Navri Sarisi is President of a community center at the Bacca Camp. Like many
people here, he believes the United States is trying to set up a
relationship between Israel and Jordan similar to the one between United
States and Mexico. He notes the minimum wage in Israel is eight times the
minimum wage in Jordan.
"The trade agreements came by force of the United States," he says, "and the
best example are these Qualified Industrial Zones. The Israelis are
investing money in very cheap labor where people work long hours. They are
getting free access to the U.S. market duty free and customs free and this
contributed largely to the collapse of the locally based industry."
When the US launched its war on Iraq in 1991, Jordan took a massive hit.
King Hussein refused to support the American invasion and in retaliation the
Bush Senior Administration cut off all US aid.
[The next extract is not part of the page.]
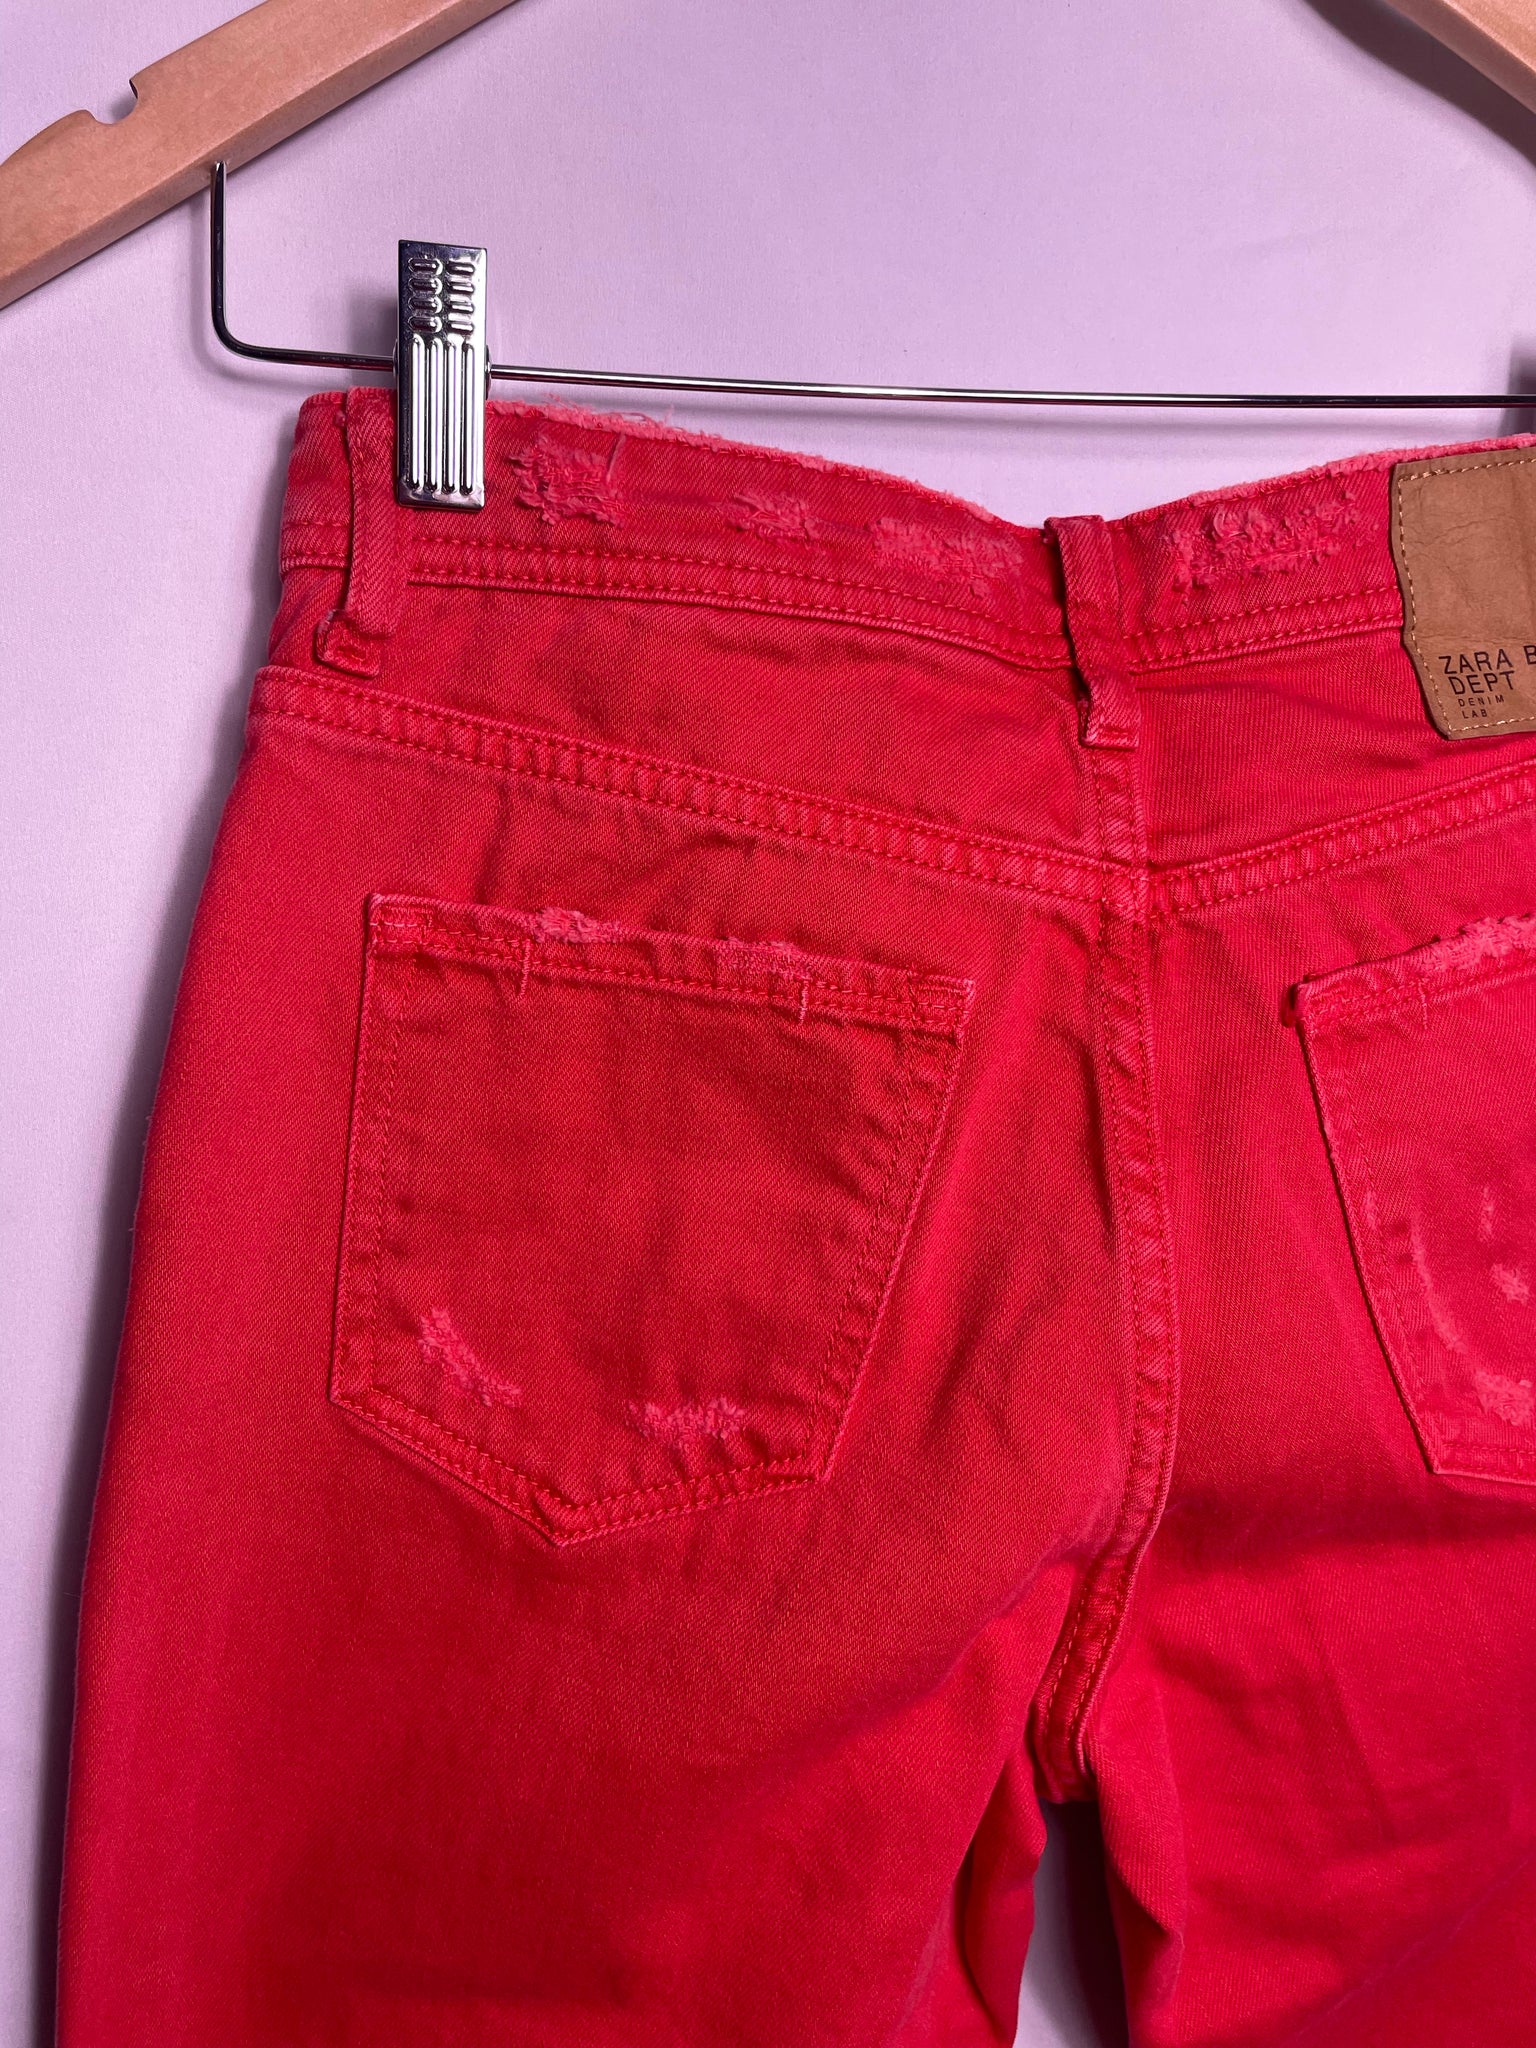 Zara coral skinny jeans, Size 2

With trade with Iraq a
fraction of it once was, the country has been forced to turn to the West --
to Israel and the United States -- for economic partners. Critics worry that
this comes at a high political cost.
"The government (of King Abdullah) is trying to shift Jordan from a pro-Arab
country to a country that gives in to what Bush wants and what (Israeli
Prime Minister Ariel) Sharon." says leading opposition politician Laith
Spilat.
Dr. Ibrahim Aloosh is more blunt. The US trained economist publishes an
on-line magazine called the Free Arab Voice. "They're turning Jordan into a
colony for the United States and the Zionist entity," he explains. "And if
you say Iraq won't be next you got to be kidding me."
Aaron Glantz, Producer of Free Speech Radio News, is currently reporting on
the war on Iraq from Turkey and Jordan.